3. With the position-specific scoring matrix from RegulonDB (you can download it from footprintDB), using a p-value threshold of 0.0001.

Predicting binding sites in all promoters

How many binding sites and target genes do you obtain when you scan the whole set of promoters with p-value thresholds of respectively 0.001 and 0.0001.

Estimating the rate of false positives with a randomized motif

Compute the same statistics with a randomized version of your matrix, generated with permute-matrix.
How many binding sites and target genes do you obtain when you scan the whole set of promoters in the same conditions, but with a permuted version of the matrix?

Estimating the rate of false positives with random sequences

Use the tool random-seq to generate artificial sequences of the same length of the promoter set, and scan them with the TF binding motif, and the permuted matrix.

Evaluating the quality of a position-specific scoring matrix

In the exercise above, you performed different tasks to evaluate the capability of a TF binding motif (consensus, matrix) to predict binding sites.
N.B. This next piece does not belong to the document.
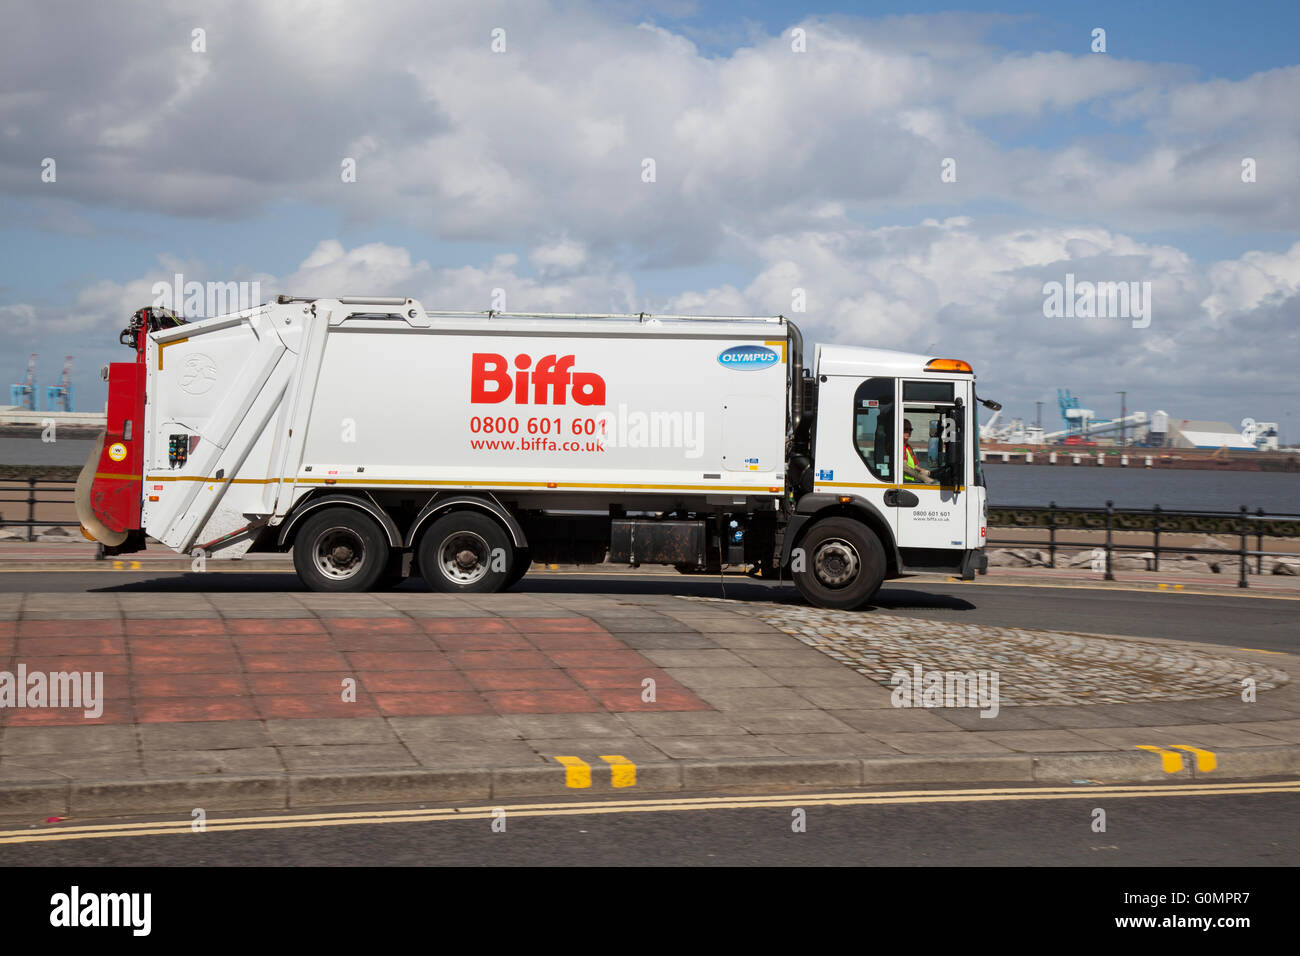 Biffa camion della spazzatura, autocarro, rifiutare il carrello, rifiuti, cestino carrello, spazzatura, città, veicolo, dump, ambiente, riciclaggio, ambientale, pulizia in New Brighton, Wallasey, Wirral, Merseyside, Regno Unito Foto Stock

This evaluation included two complementary parameters: the sensitivity (i.e. fraction of actual binding sites detected) and false posiive rate.
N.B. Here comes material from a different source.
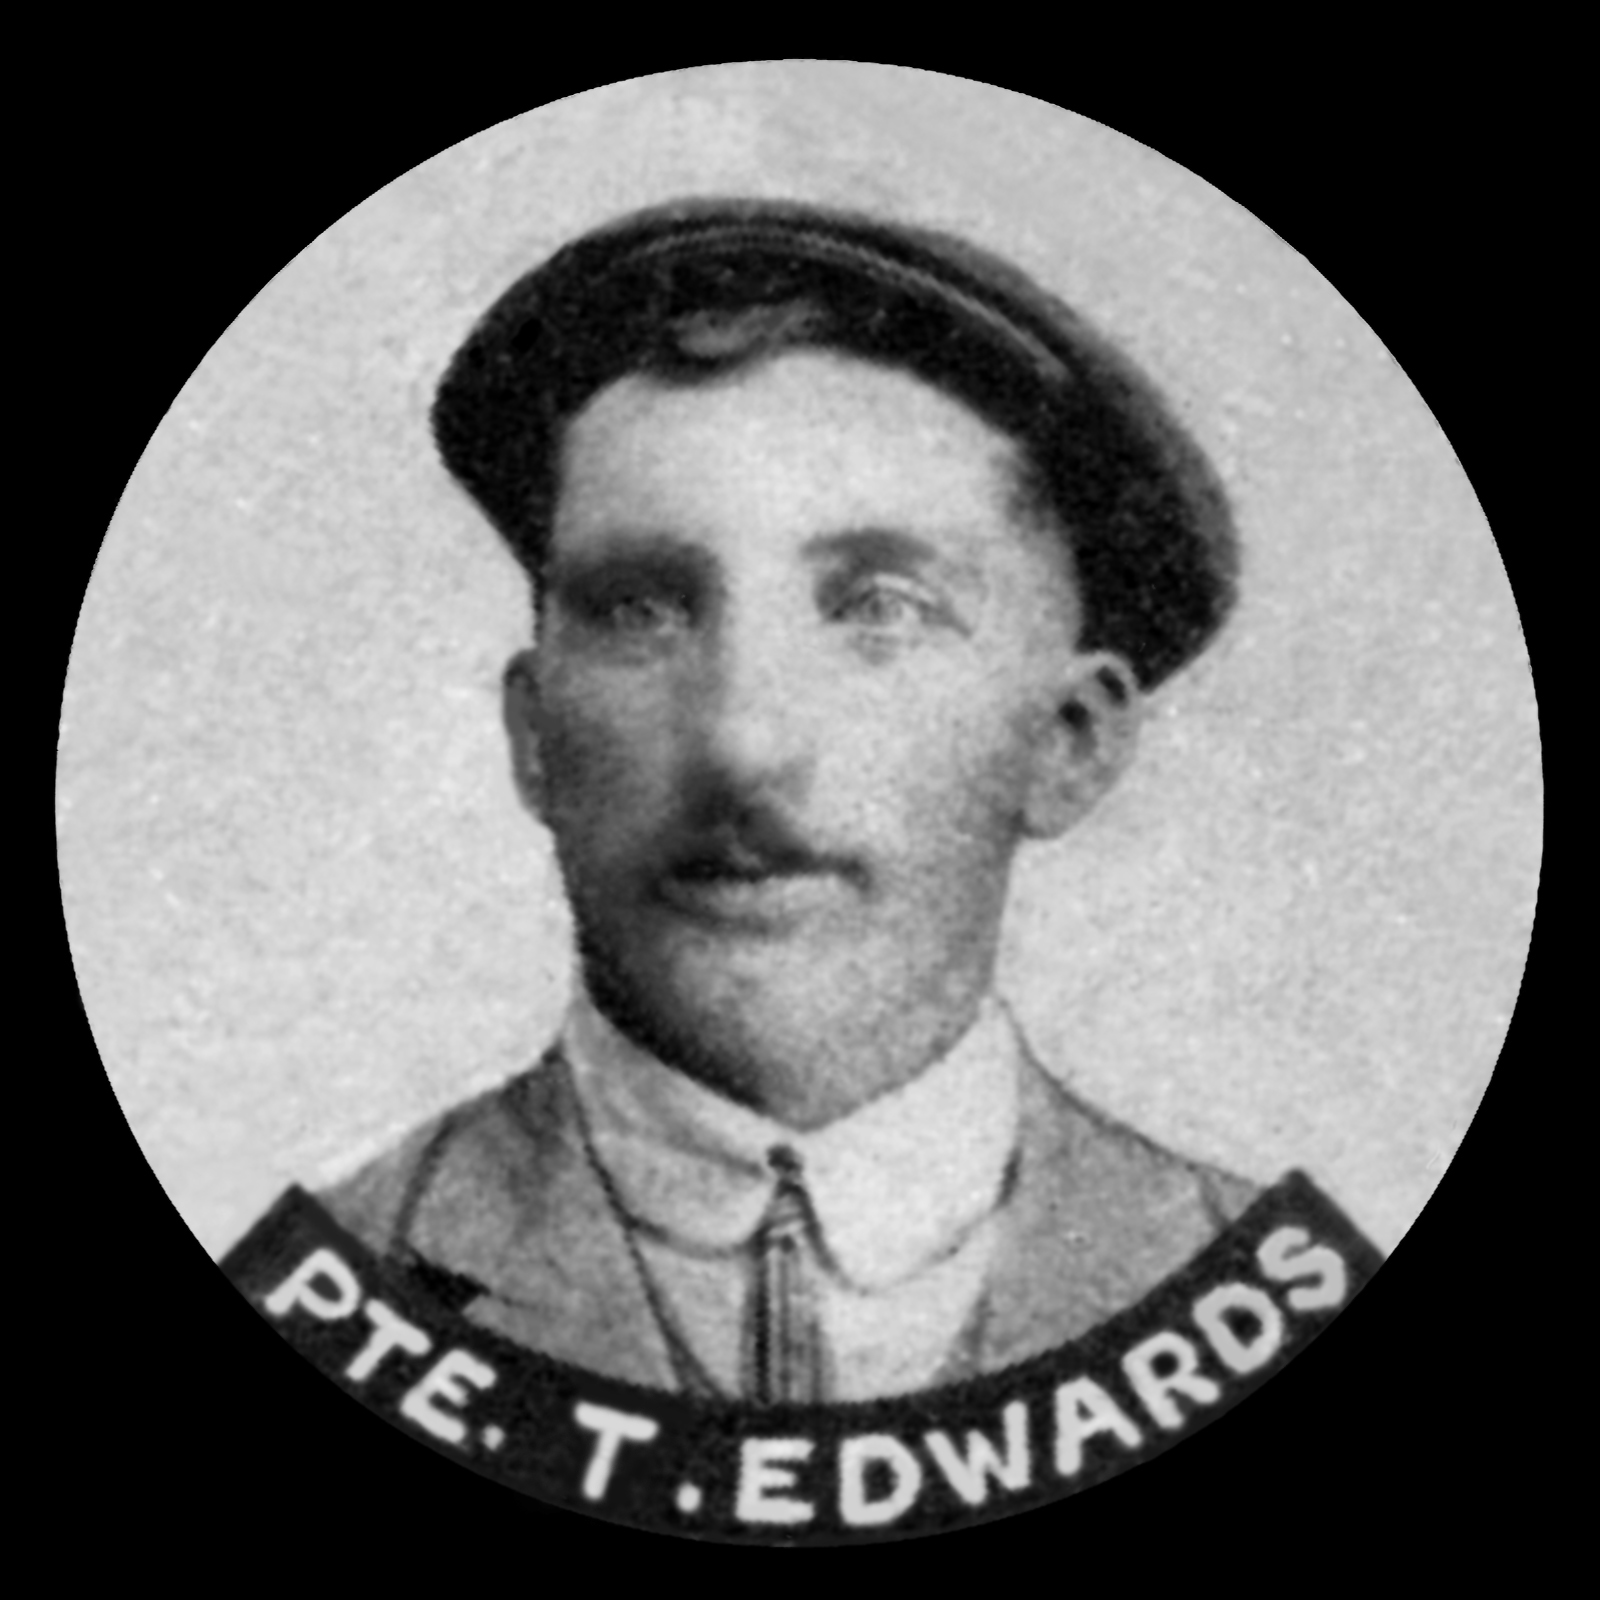 EDWARDS Joseph Thomas

The program matrix-quality automatically runs a series of similar analyses to estimate the tradeoff between sensitivity and false posigive rate, by combining theoretical and empirical distributions of scores computed in various conditions:

scanning a positive sequence set (e.g. annotated sites);
scanning a negative set (e.g. random sequences, or biological sequences containing no site);
scanning the same datasets with permuted matrices.

In the left-side menu of RSAT, open the tool matrix-quality.
Conceive a way to test the quality of the TF binding matrix obtained from RegulonDB, based on the previous exercises.

Report

Collect the numbers of binding sites predicted in all the conditions above, and compute the derived statistics when possible: FPR, Sensitivity (see concept definitions for a definition of these statistics).

Summarize the most relevant results in a short paragraph, and draw your conclusions about the reliability of the different versions of the motif (consensus, matrix) to predict binding sites.